We are excited to announce the release of wolfSSH version 1.4.17, which comes packed with several improvements, new features, and important fixes to enhance security and functionality. This release is a testament to our commitment to providing a robust and reliable SSH library for developers.
Vulnerability Fixes
In this version, we have addressed a critical vulnerability that could potentially allow a maliciously crafted SSH client to bypass user authentication within the wolfSSH server code. This fix ensures that messages are properly filtered during different operational states, significantly improving the overall security posture of wolfSSH.
For more details on the vulnerabilities fixed, we encourage you to visit our vulnerability page for a comprehensive overview.
New Features
- More Configuration Options for Key Exchange (KEX)We have introduced new functions that allow users to set algorithms lists for Key Exchange (KEX) at runtime. Additionally, users now have the ability to inspect which algorithms are set or available for use, providing greater flexibility and customization.
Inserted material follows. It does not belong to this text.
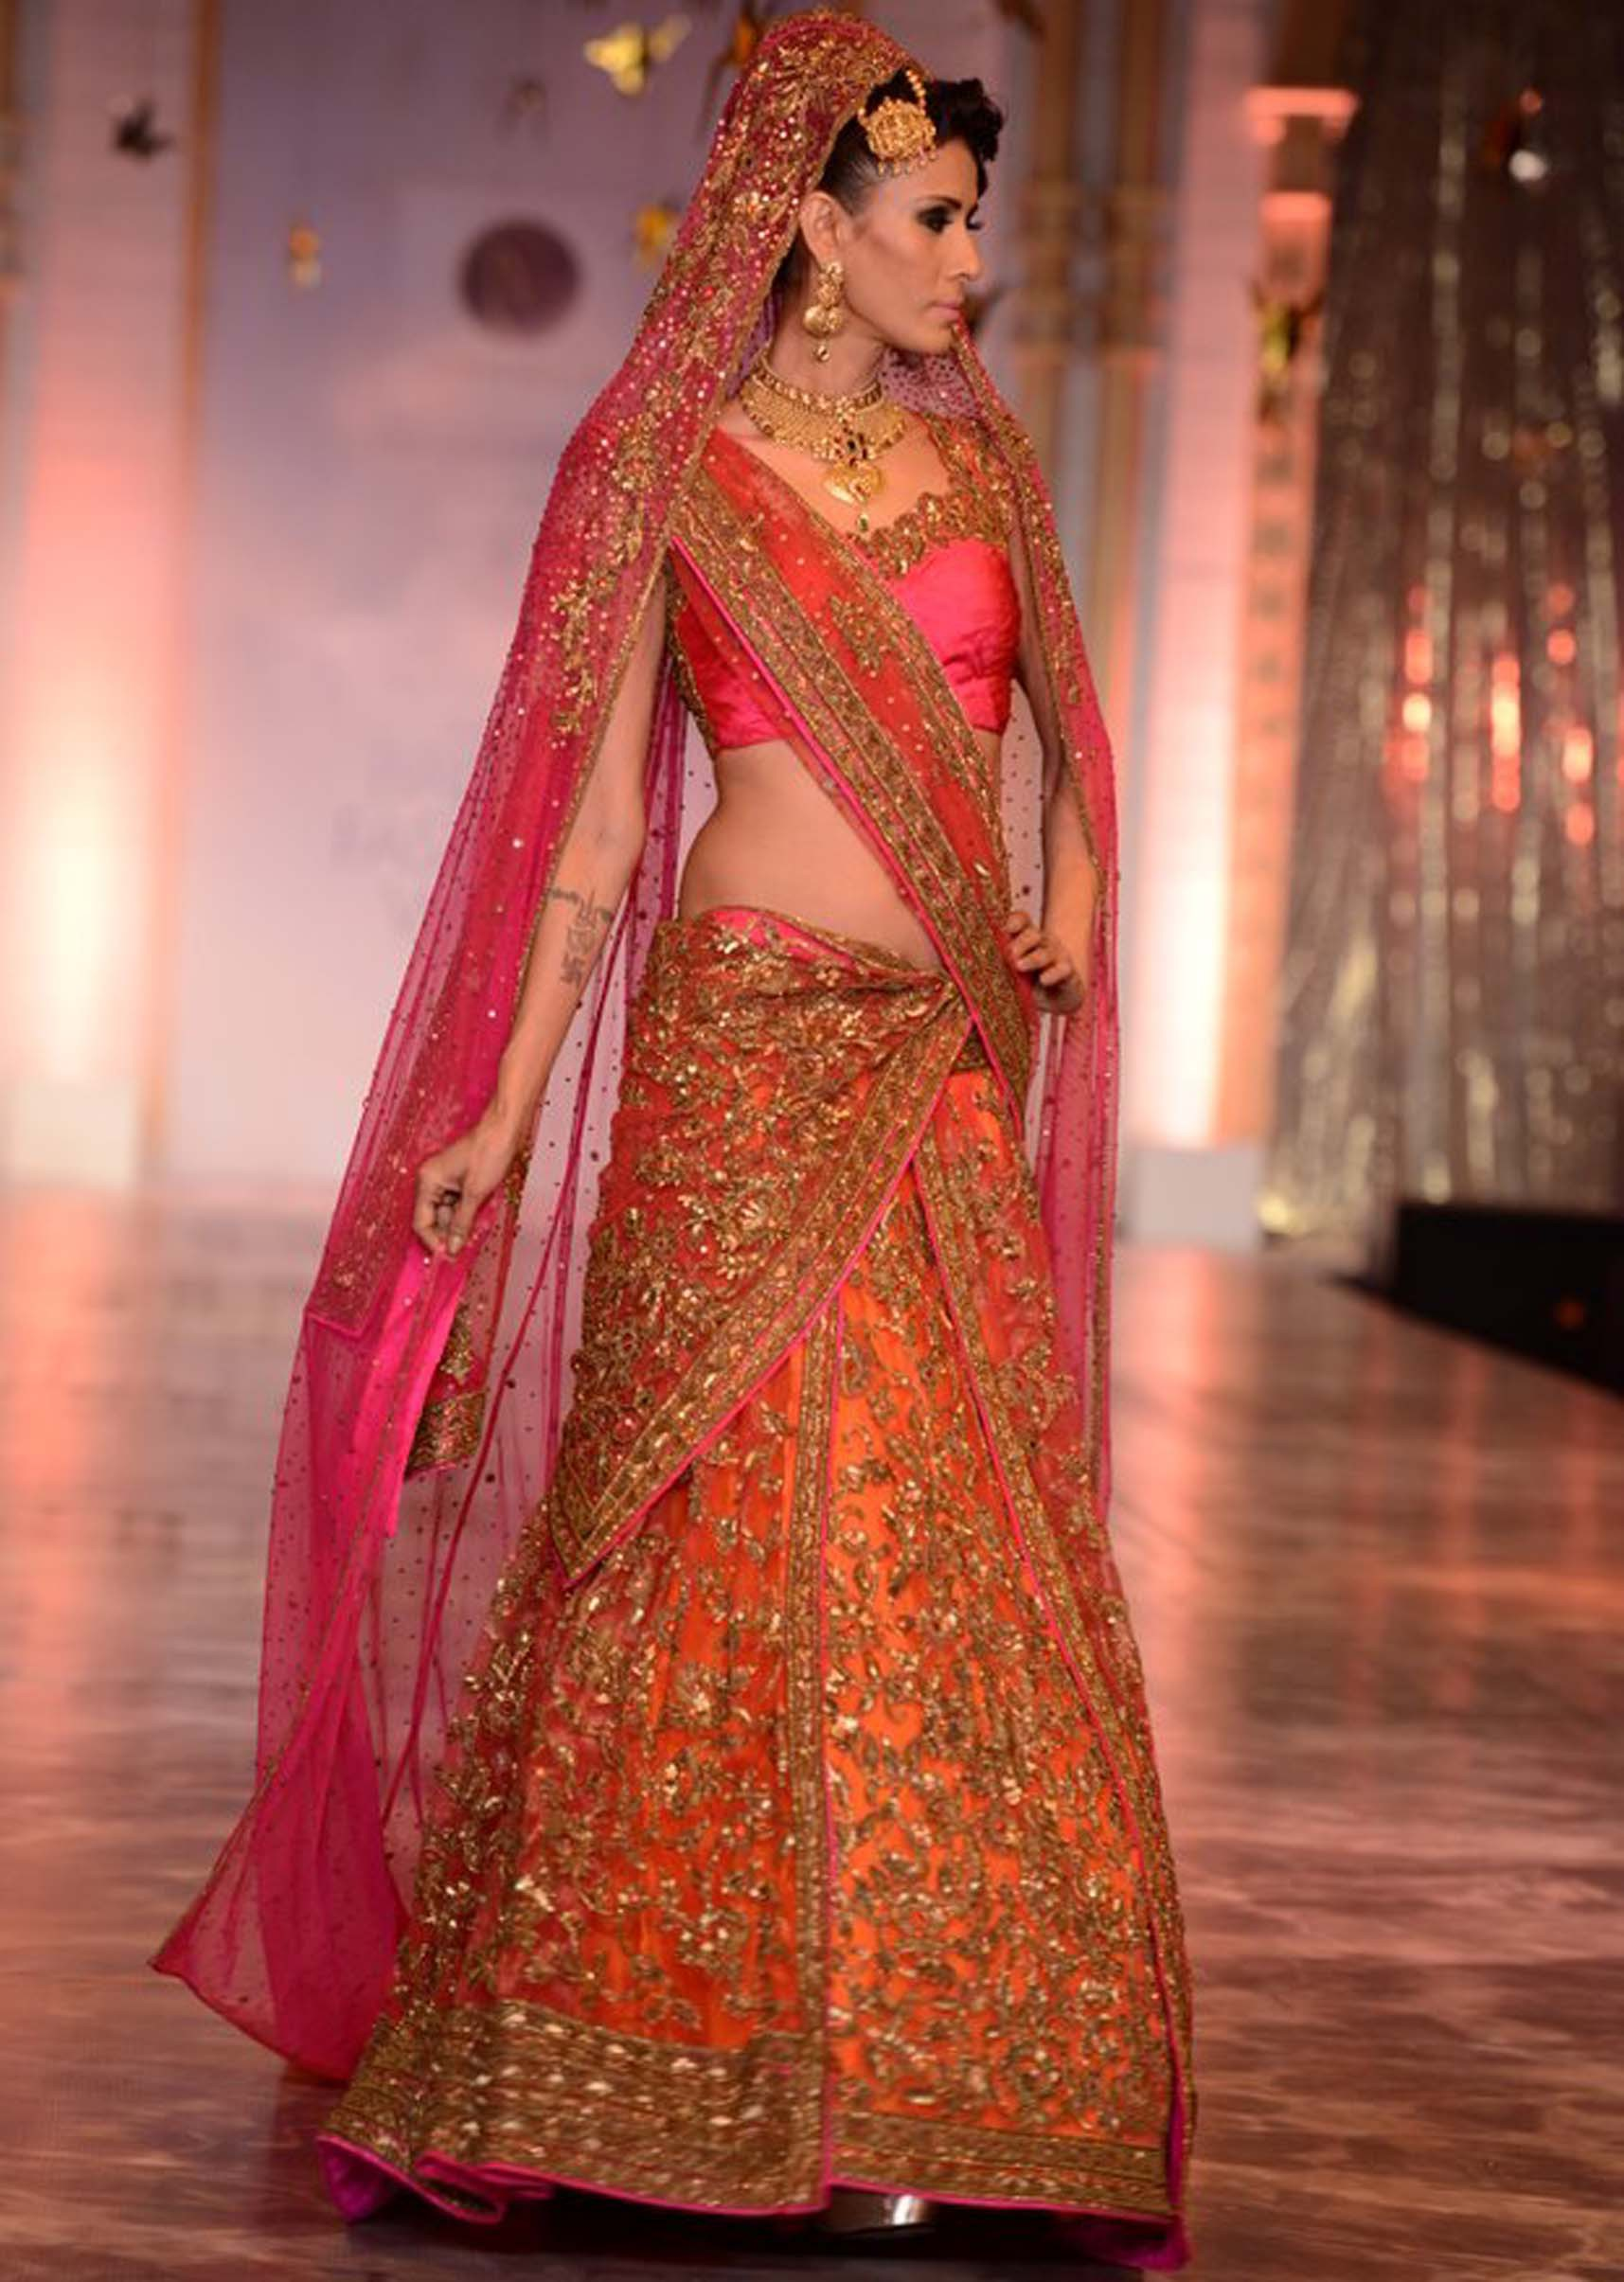 da5a9b2b817 Top 10 Indian Bridal Wear Designers - FashionPro

- Curve25519 KEX SupportOne of the notable additions in this release is the inclusion of Curve25519 Key Exchange (KEX) support for both server and client key agreement. This cryptographic enhancement further strengthens the security of the SSH connections established using wolfSSH.
- Soft Disabling of SHA-1With version 1.4.15, we had disabled SHA-1 in the build by default due to its known vulnerabilities. However, in response to user feedback and to accommodate specific use cases, we have re-enabled SHA-1 in the build with a “soft” disabled status. This means that algorithms utilizing SHA-1 can now be configured for Key Exchange (KEX), providing users with more options while maintaining a cautious approach to security.
Enhancements
In addition to the new features, wolfSSH 1.4.17 also brings a round of enhancements aimed at improving various aspects of the library:
- Better Testing: We have enhanced our testing procedures to ensure more robust and reliable performance across different scenarios.
- Improved Portability: The library now offers improved portability, making it easier to integrate wolfSSH into a wide range of platforms and environments.
- Terminal Enhancements: We have addressed issues related to shell terminal window resizing, creating a smoother and more user-friendly experience for terminal-based applications.
- SFTP Improvements: Several corner cases with the SFTP functionality have been fixed, enhancing the overall stability and reliability of SFTP operations.
- RSA Signature Verification: Fixes have been implemented to ensure accurate and secure verification of RSA signatures.
- Zephyr Compatibility: For users working with the Zephyr operating system, file mode bits are now properly masked, improving compatibility and functionality.
- Memory Leak Fix: A fix has been applied to address a potential memory leak issue related to setting up a pseudoterminal, ensuring efficient memory management within the library.
Conclusion
Upgrade to wolfSSH 1.4.17 for enhanced security with a fix for a critical authentication bypass vulnerability. Benefit from new features like Curve25519 KEX support and algorithm list configuration. This release also brings improved testing, portability, terminal enhancements, and fixes for SFTP and RSA signature issues. For details, check our GitHub ChangeLog. Thank you for choosing wolfSSH for secure and reliable SSH solutions.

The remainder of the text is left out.